# New Here. I just bought this, need to know if I got a good vintage camera..



## markadc (Jan 3, 2013)

Hey

I just bought this in an auction. It was in a box of junk, and paid a great price for it. I know it is a rolleiflex, but I do not know how to determine what model and its value. Is it rare? All help is greatly appreciated.


----------



## Derrel (Jan 3, 2013)

Can't see much of it...it's gray...is it a "baby Rollei", perhaps??? One that shoots the discontinued 127 size film???

What does it say inside?


----------



## tirediron (Jan 3, 2013)

*Moving to the Collector's Corner - you should get better help there.*


----------



## compur (Jan 3, 2013)

Need better photos


----------



## Ysarex (Jan 3, 2013)

Derrel said:


> Can't see much of it...it's gray...is it a "baby Rollei", perhaps??? One that shoots the discontinued 127 size film???
> 
> What does it say inside?



Absolutely a baby Rollei. The lens is a 65mm Xenar. This is the common variant of the camera -- the grey one. In good cosmetic condition and working it's worth about $200.00.

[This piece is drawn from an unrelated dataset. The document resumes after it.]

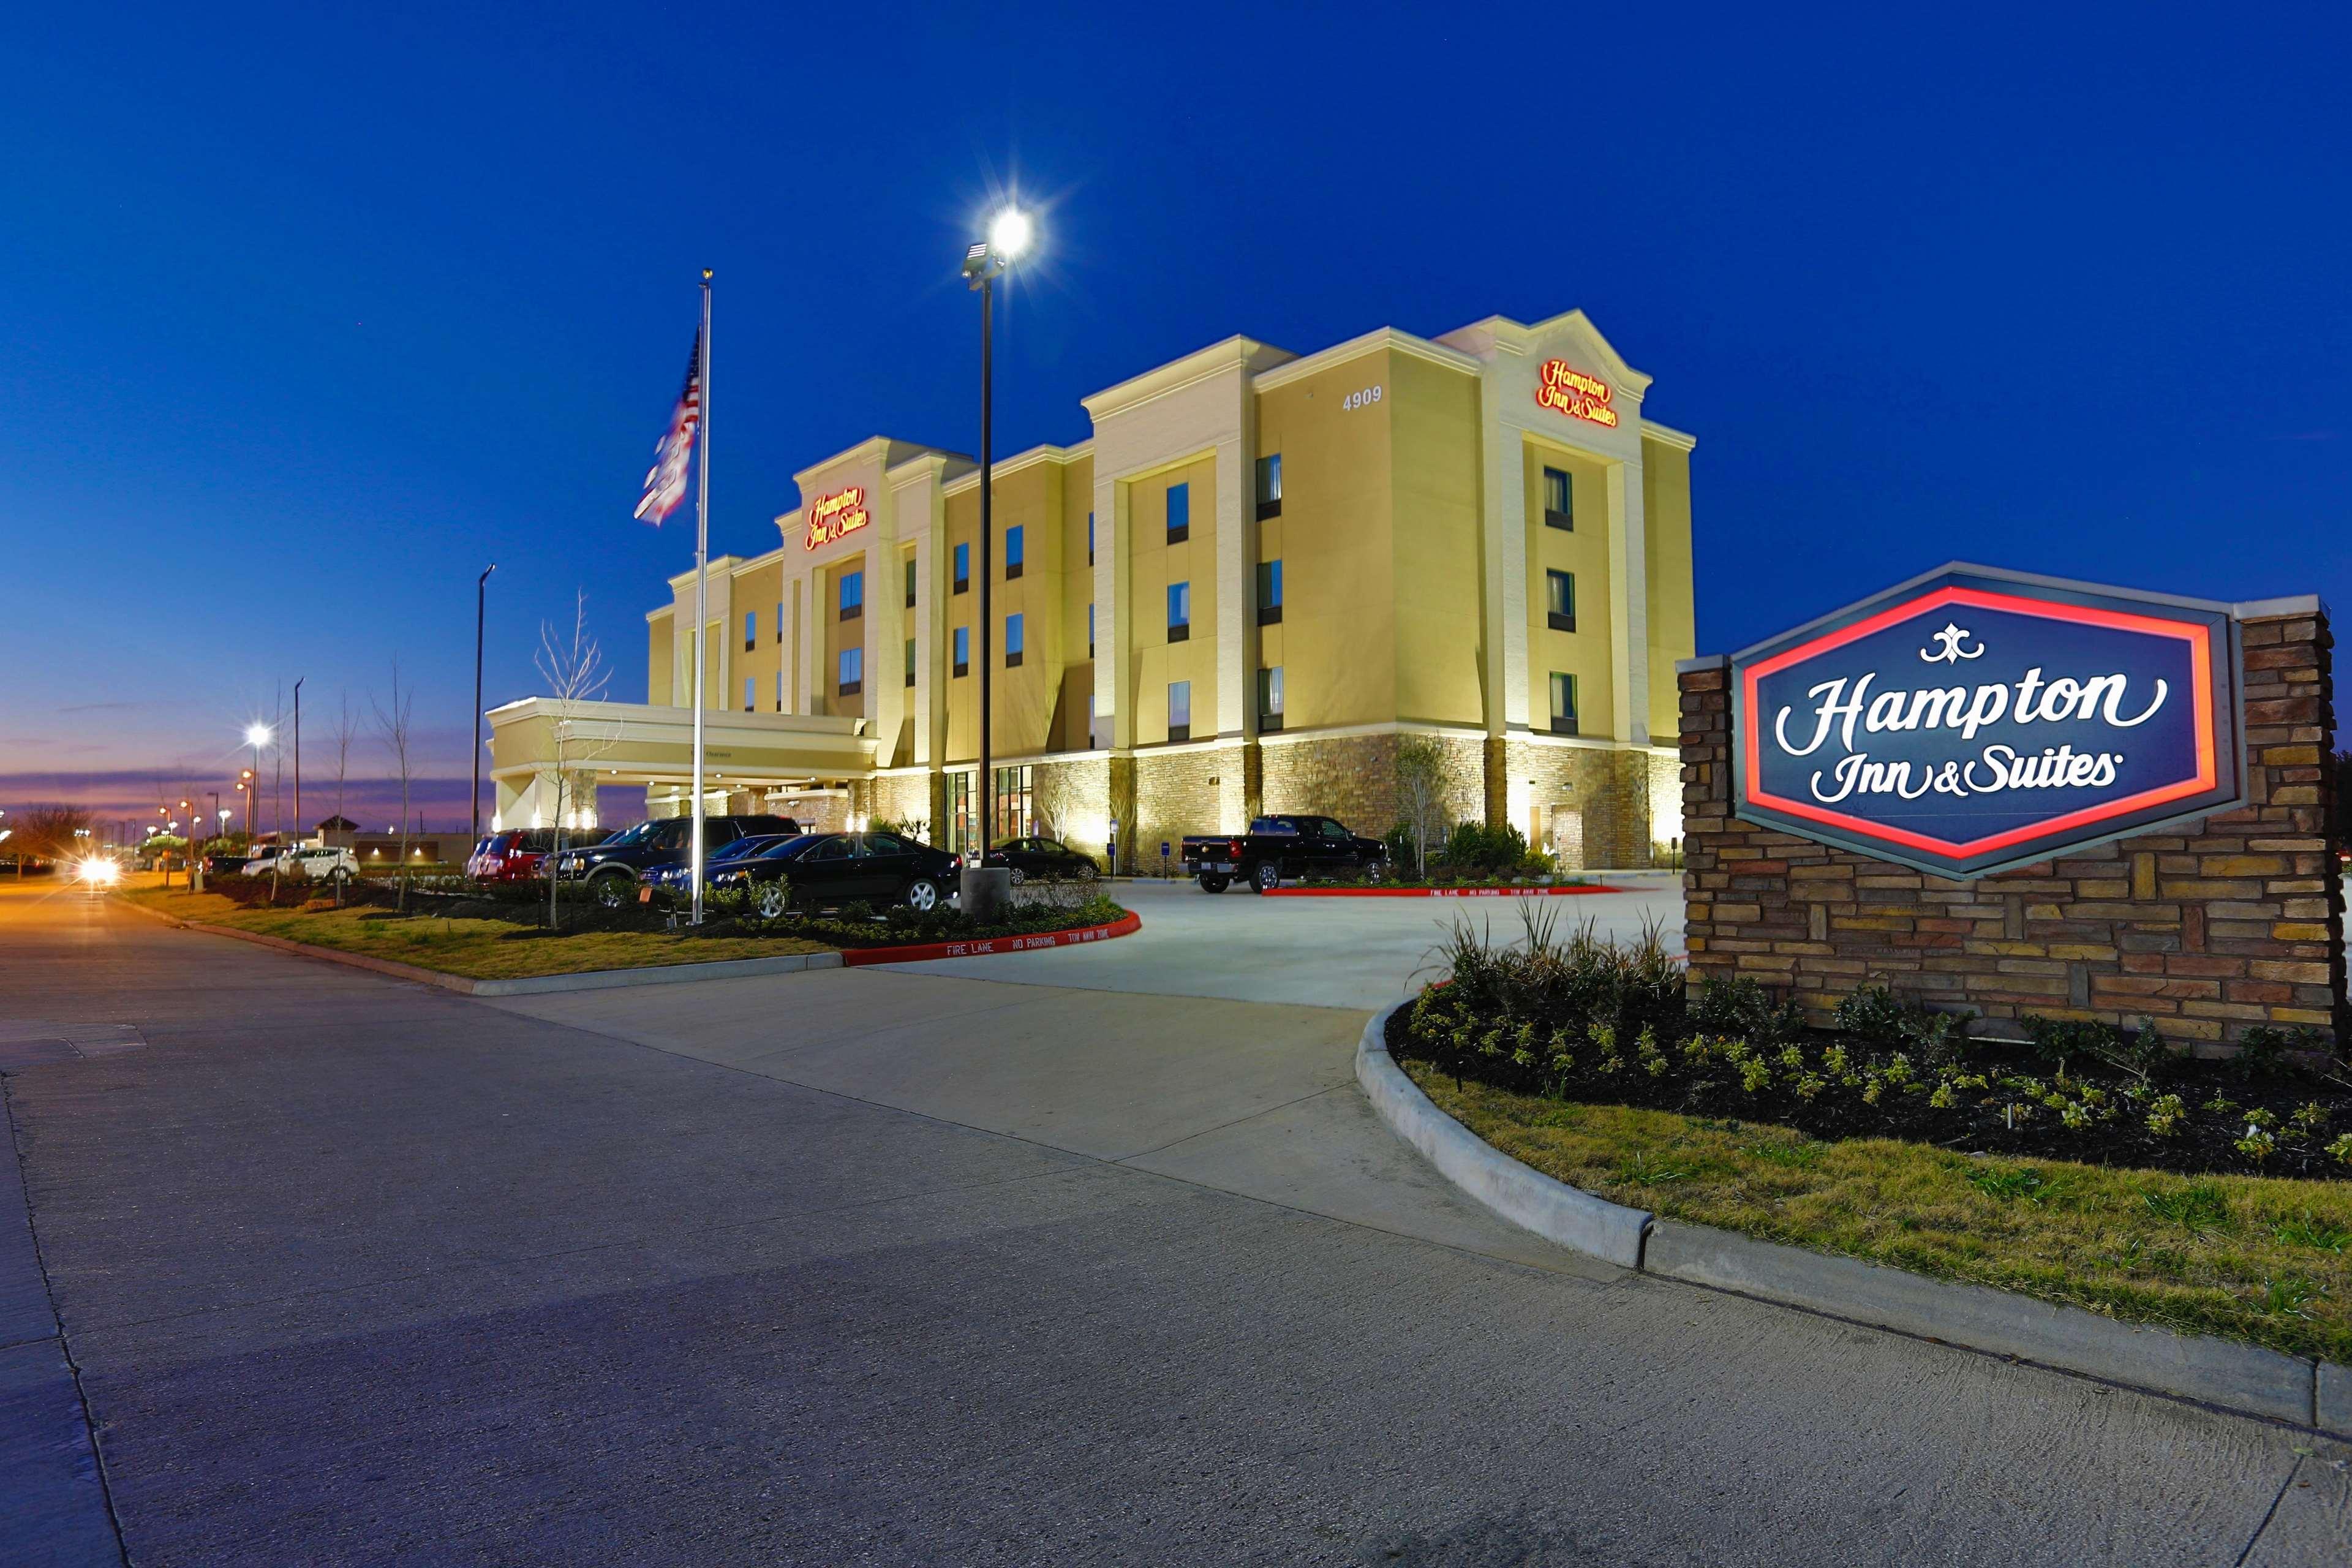 Hampton Inn & Suites Missouri City, TX image 0

Buy some efke 127 film and it takes great photos.

Joe


----------



## orlovphoto (Jan 4, 2013)

If you end up using it and happen to be on F-book I cordially invite you to join Rolleiflex users group.  We need more Baby Rollei shooters there


----------



## Horngreen (Jan 10, 2013)

This might tell you
Chart of Rolleiflex TLR Cameras and S/N


----------



## bsinmich (Jan 10, 2013)

Two sources of 127 film would be BH Photo in New York and Freestyle in California.  It does run around $13.00 per roll.


----------



## Horngreen (Jan 14, 2013)

The Classic Camera/Cut film for Piccolette

There are many ways to slit 120 down to 127 yourself. I've done it with a razor blade locked into an old 120 camera and it works. There will be issues with the numbering on the paper backing though. Mine was like this one... film slitter | Flickr - Photo Sharing!


----------